There are numerous Medicare & Medicaid review programs which have been created to step the problems of improper payments, fraud and abuse within these federal programs. CMS is currently working with Integrity Management Services to consolidate and simplify. The resulting Unified Program Integrity Contractors (UPIC) aims to coordinate audits, investigations, and data analyses.
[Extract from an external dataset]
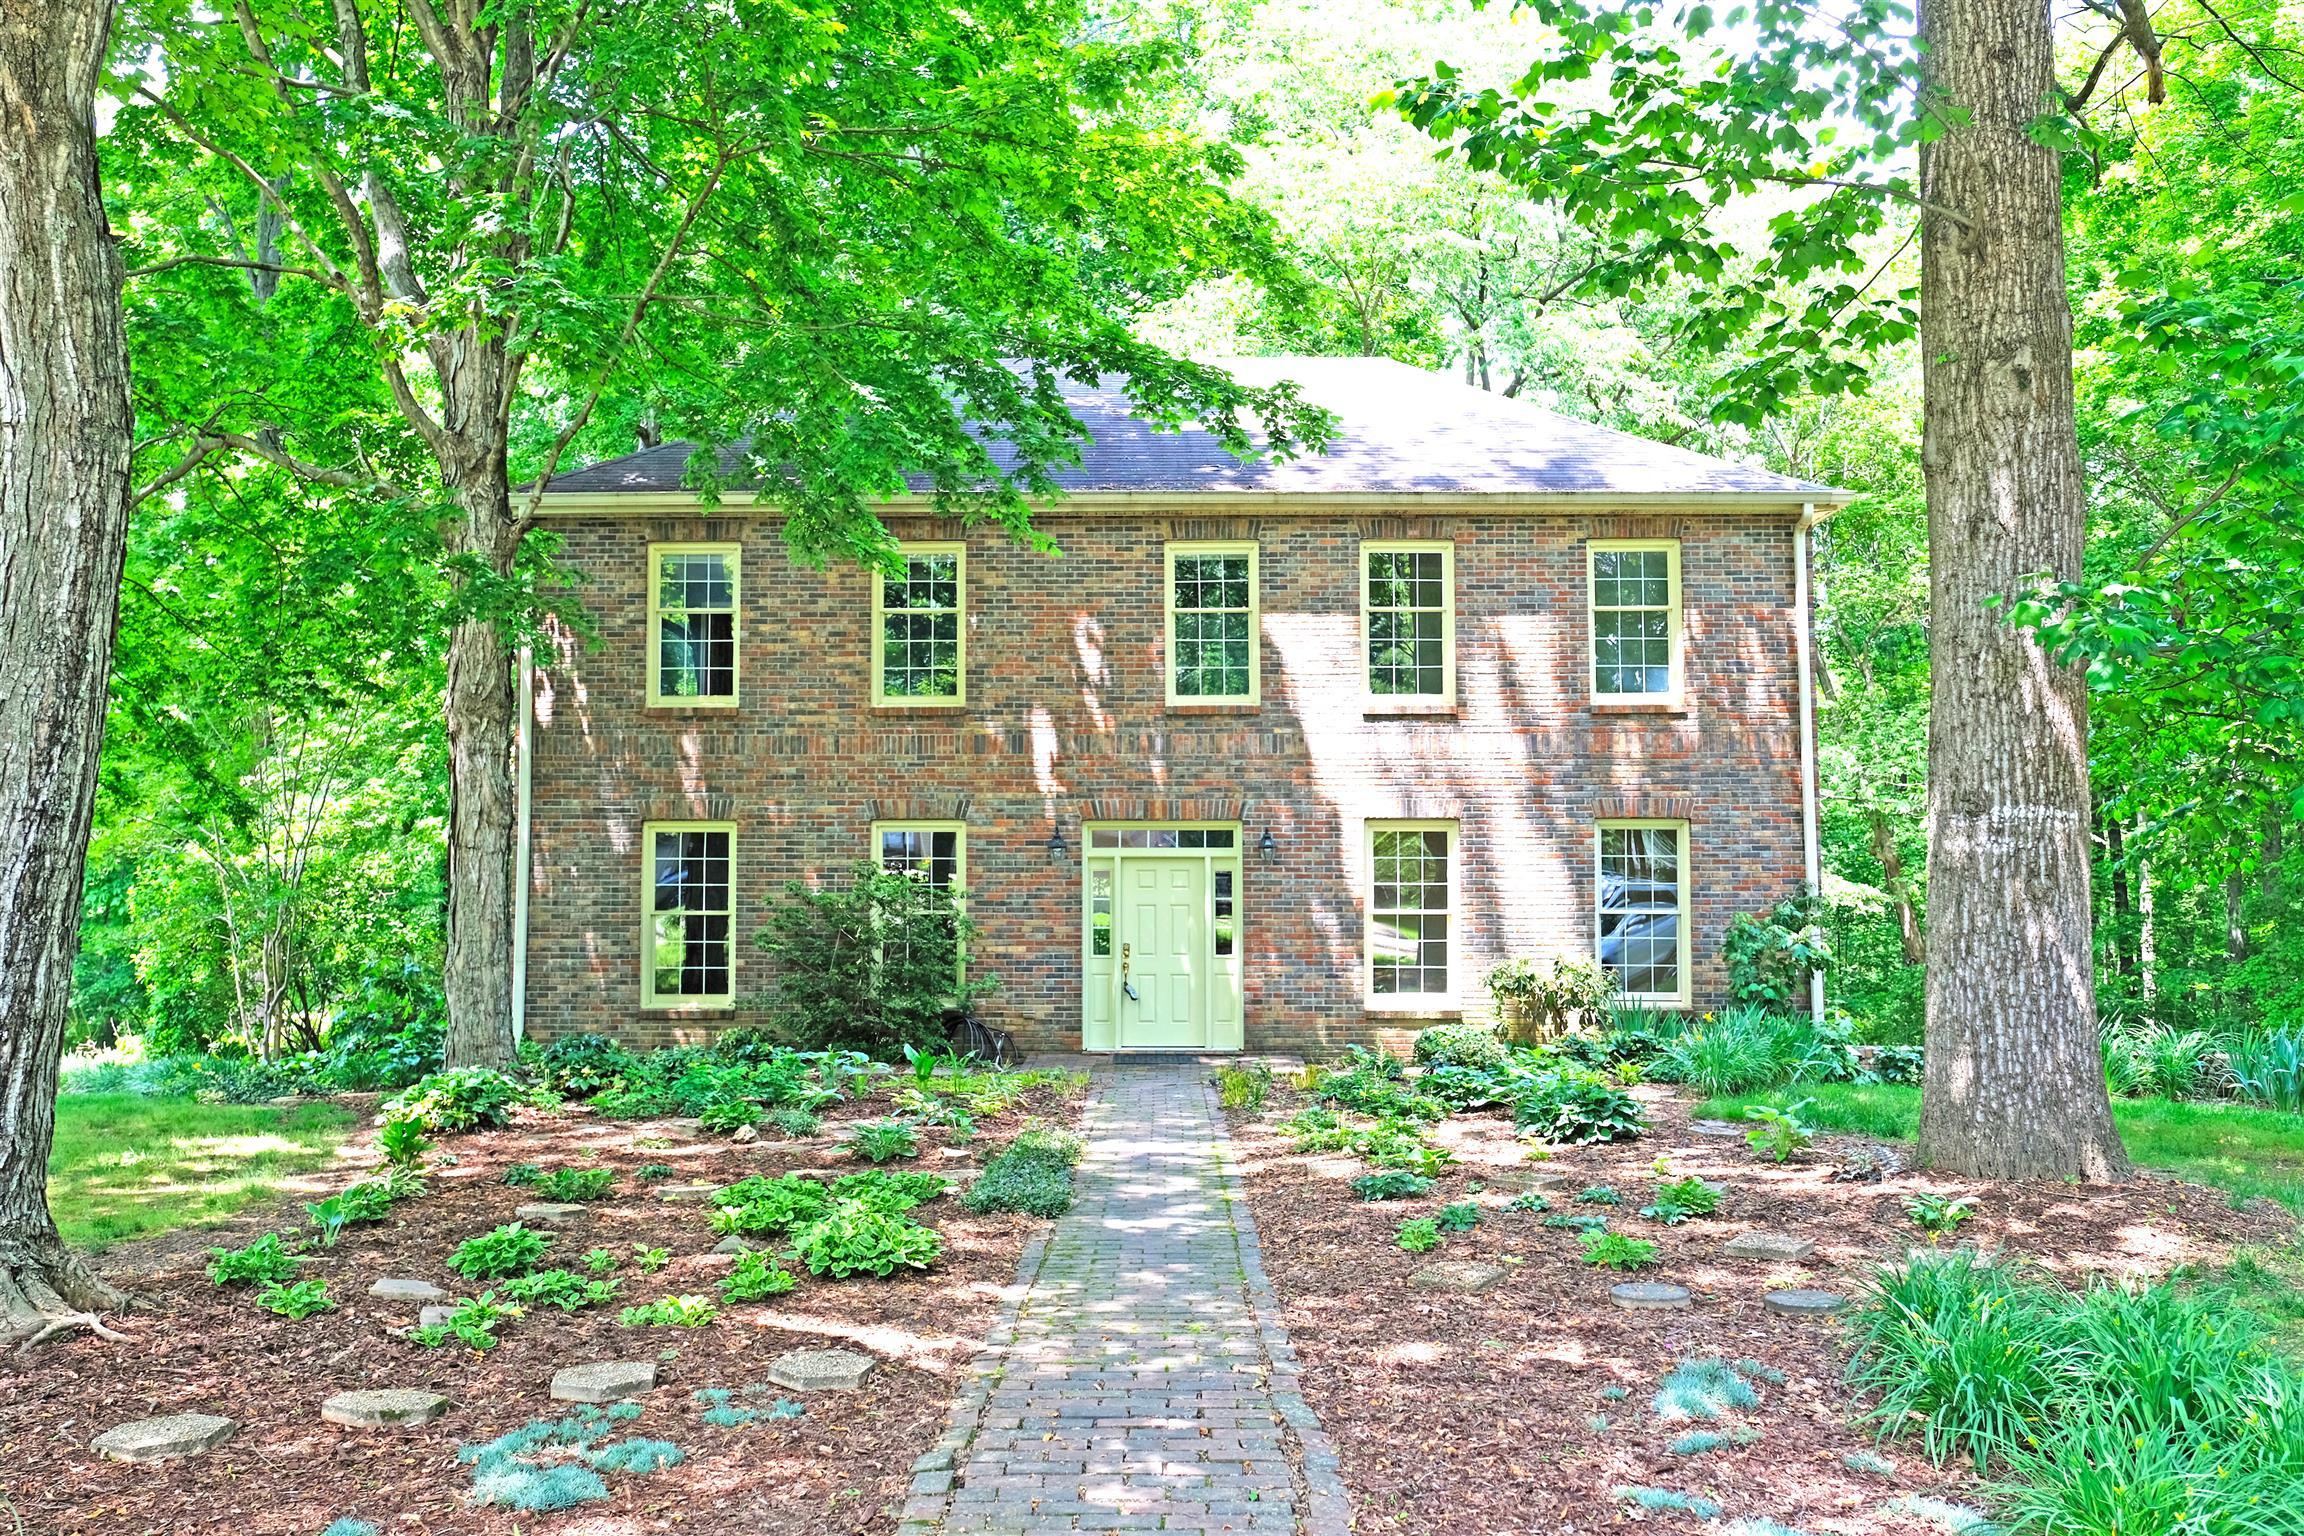 3306 Foxland Ct, Lawrenceburg, TN 38464 - Lawrenceburg, TN real estate listing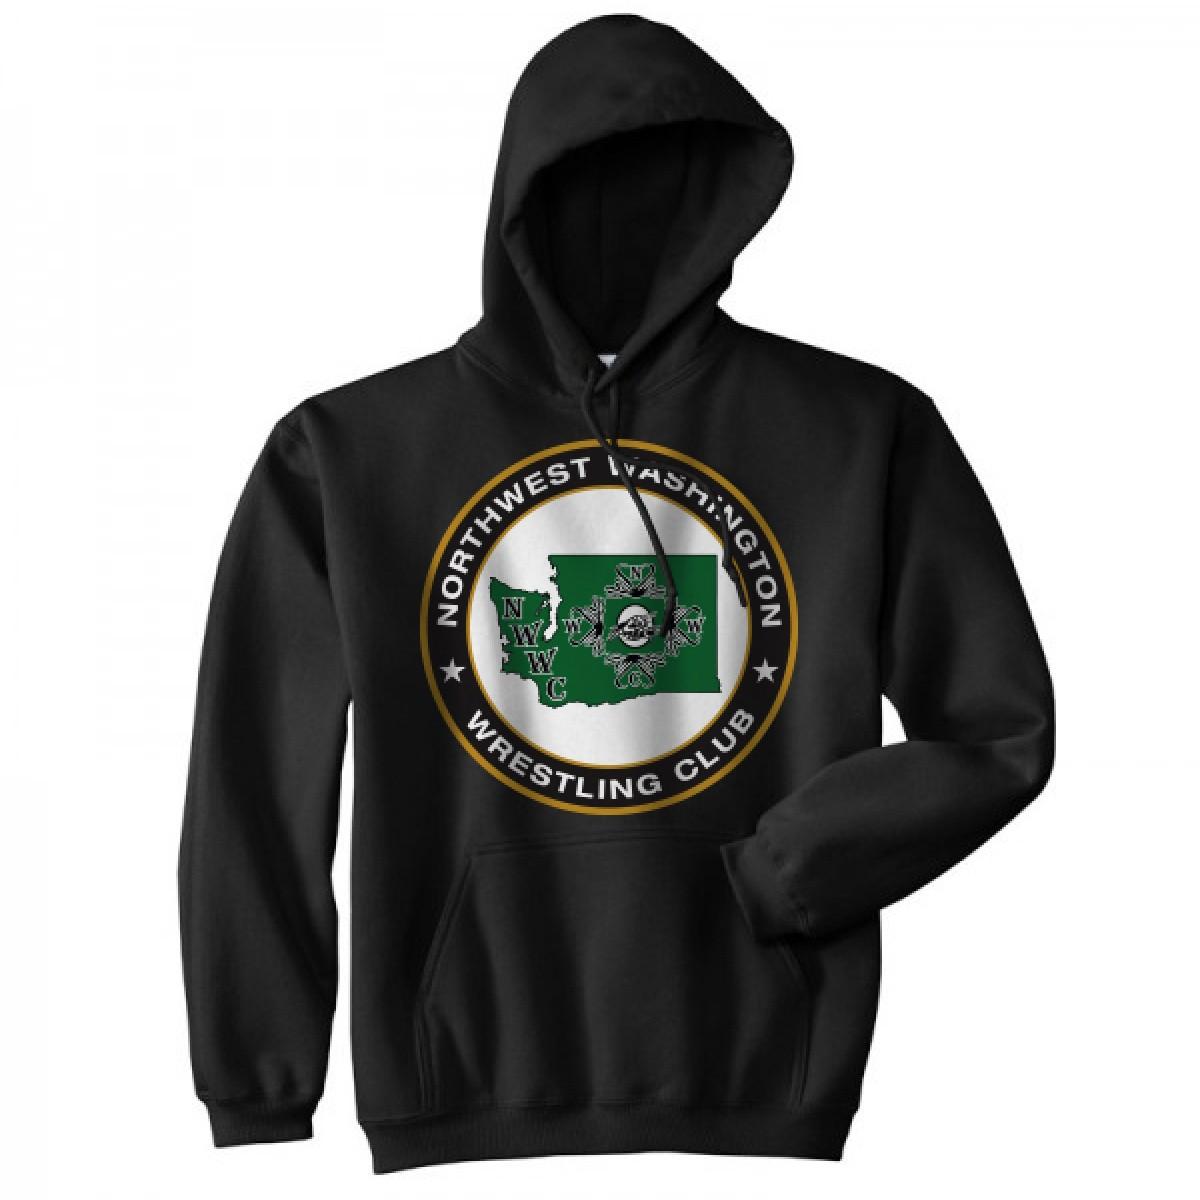 NWWC Black Hoodie With Green Logo-Black-S

Additionally, the official stated intent is to also lower the burden on providers who are trying to meet all the requests of different auditing agencies.
According to the CMS' "Comprehensive Medicaid Integrity Plan for Fiscal Years 2014 - 2018" report (emphasis added):
"... CMS is developing a Unified Program Integrity Contractor (UPIC) strategy. Under this strategy, Medicare and Medicaid program integrity audit and investigation work at the federal level will be consolidated into a single contractor within a defined multi-state area, which will complement audit and investigation efforts by states. This contractor will conduct Medicare, Medicaid, and Medi-Medi investigations and audits within designated geographic jurisdictions. In July 2013, CMS released a Request for Information and conducted an Industry Day targeted at gathering information from the vendor community on possible requirements for combining Medicare and Medicaid program integrity functions. CMS expects to implement the UPIC strategy beginning with initial contract awards in FY 2015 with additional transitions to occur in subsequent fiscal years."
With the expansion of Medicaid as a result of the Affordable Care Act (Obamacare), ensuring minimal fraud and abuse is necessary to control program costs. Contracts are currently being awarded and this new program is now underway.